Re: Merging intervals; Chaining intervals

Good luck (*) with IntervalTree.

The idea is that you insert your items in a tree, their interval being the discriminating characteristic.

Traversing the tree will be in the same order as if you lined up all those intervals (on a line).

In traverse()'s order, calculate distance between an item's "before" and "after" neighbour and develop the logic to merge them or not.

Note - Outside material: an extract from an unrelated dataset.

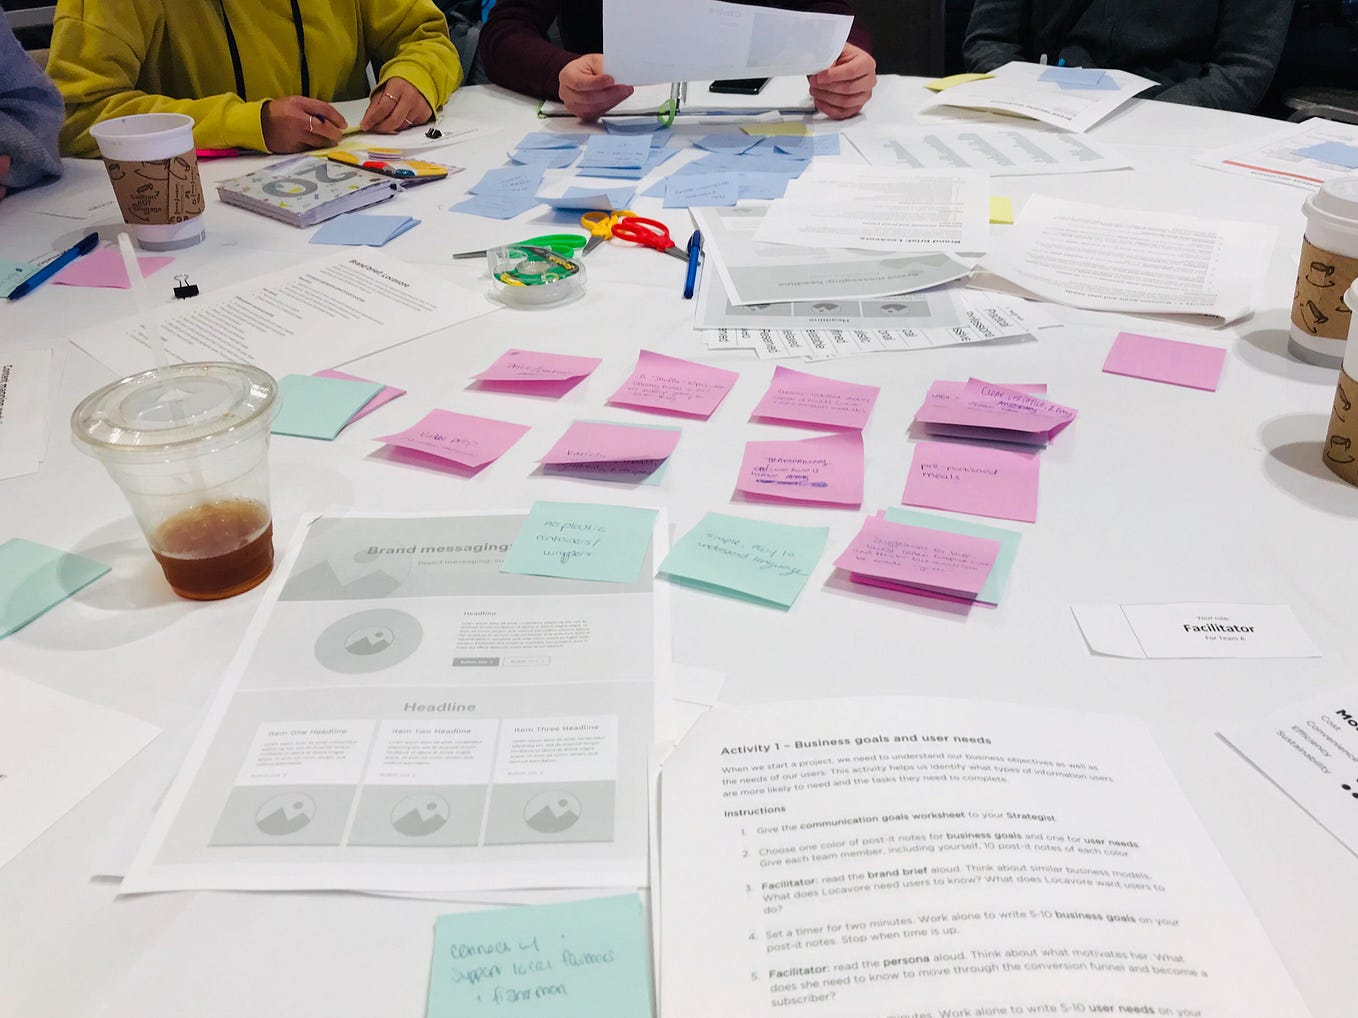 A workshop table covered in pieces of paper, post-it notes, markers, scissors, and coffee cups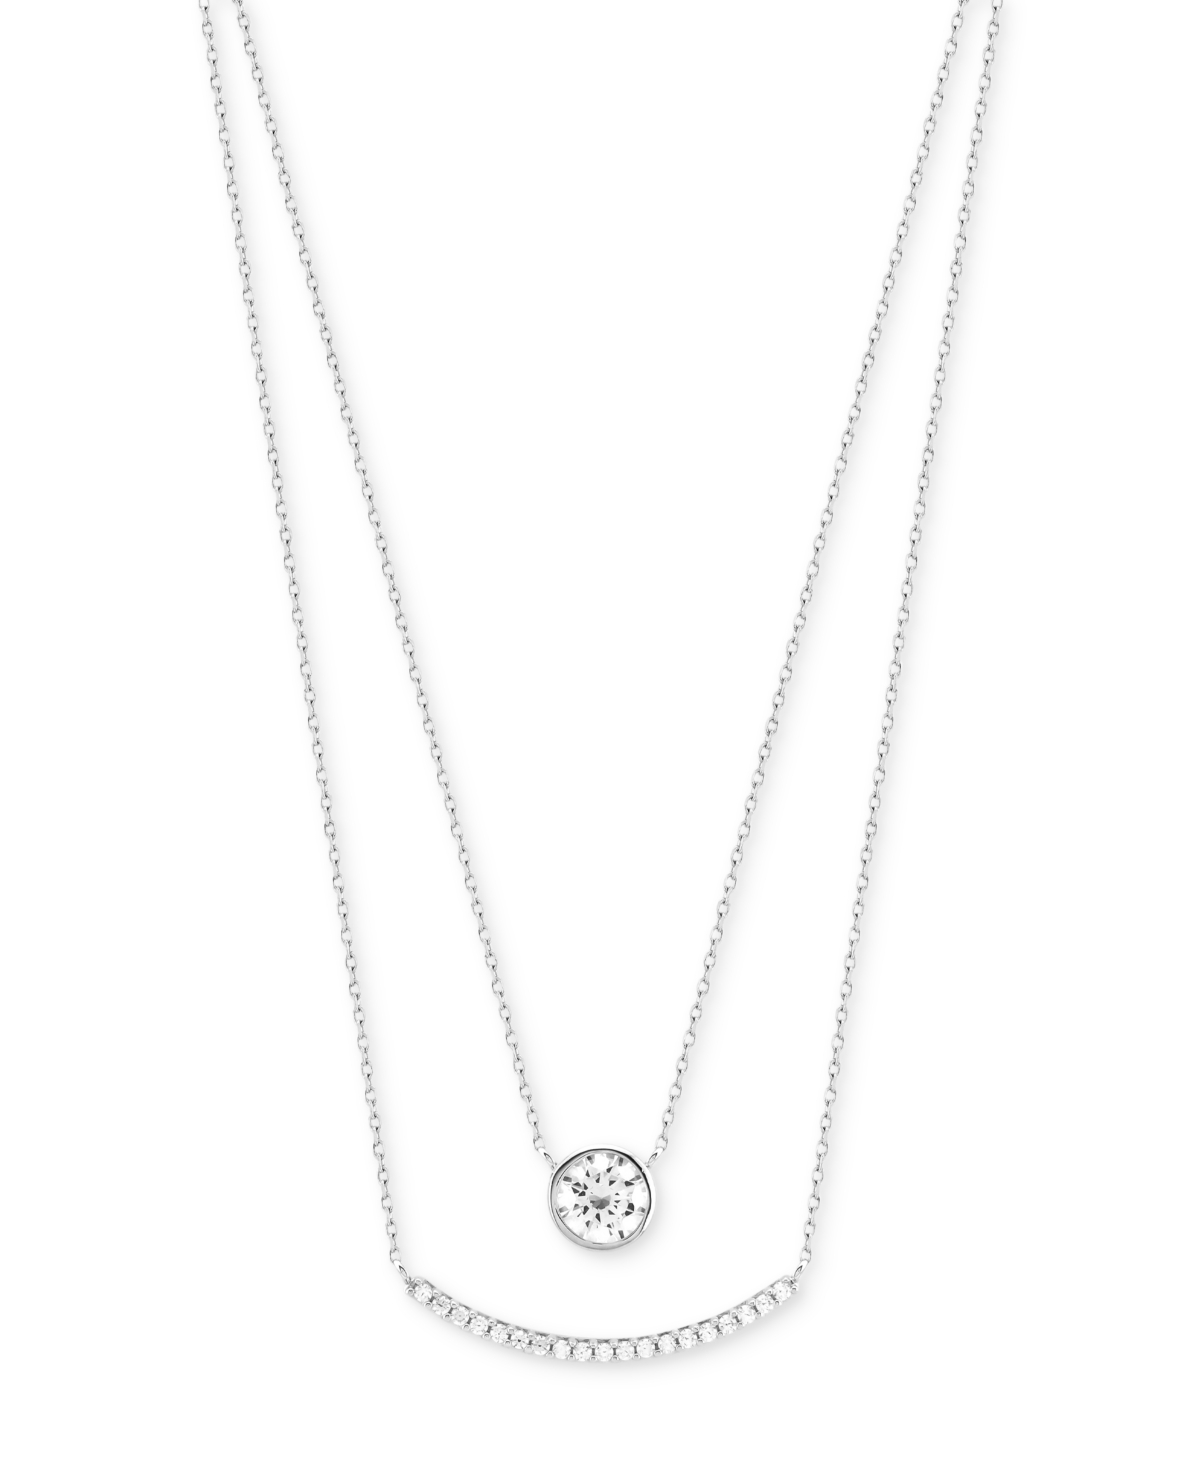 Cubic Zirconia Bezel & Curved Bar Layered Necklace in Sterling Silver, 16" + 2" extender - Sterling Silver

Here is a quick demo, notice the line-up of the items at the end:

#!/usr/bin/perl

#
# author: Bliako
# date: 10/09/2018
# for: https://perlmonks.org/?node_id=1222031
#

use strict;
use warnings;

use IntervalTree;
use Data::Dumper;

# create the tree
my $tree = IntervalTree->new();

while(<DATA>){
        chomp;
        next if $_ =~ /^\s*$/;
        my @items = split /\s+/;
        $tree->insert(@items[1,2,3]);
}
close(DATA);
print_tree($tree);

# print all the intervals
sub     print_tree {
        my $atree = shift;
        $atree->traverse(
                # specify a func to be run on every node as returned b
+y traverse()
                sub {
                        my $anode = $_[0];
                        print "traverse() : ".$anode->{interval}." => 
+".$anode->str()."\n";
                }
        );
}

__DATA__
Chr1 30000 32000 A3
Chr1 28000 29000 B2
Chr1 12000 18500 B1
Chr1 1000 4000 A1
Chr1 42000 44000 A4
Chr1 15000 22000 A2
[download]

Result:

traverse() : (A1) => Node(1000, 4000)
traverse() : (B1) => Node(12000, 18500)
traverse() : (A2) => Node(15000, 22000)
traverse() : (B2) => Node(28000, 29000)
traverse() : (A3) => Node(30000, 32000)
traverse() : (A4) => Node(42000, 44000)
[download]

(*) : personally I found this module very frustrating to work with as it mixes together Node objects, Interval objects and Interval names. I had to modify the source of _seek_left and _seek_right to save $self rather than $self->{interval}. But for your modest need, the above will do nicely. There are even worst alternatives, search at cpan.

If you are a Bioinformatician and have more serious bioinformatics needs I am available for hire - in the spirit of appeasing and keeping content the general anonymous public. If you are not, well I can always help for free when I can as I always do.

bw, bliako

Edit - Clarification: my program lines up all your items in a line wrt their intervals (compare Result above and your sample output A1, B1, A2, B2, A3, A4.). The program will not do the merging as I was too lazy to read your requirements and translate to code. Now all you have to do is to check each item with its 2 or 4 neighbours (for when A neighbours A) following your rules. The important thing is that the "line-up" is done using the Interval Tree in O(n log n) time and will persist for classifying unknown intervals too.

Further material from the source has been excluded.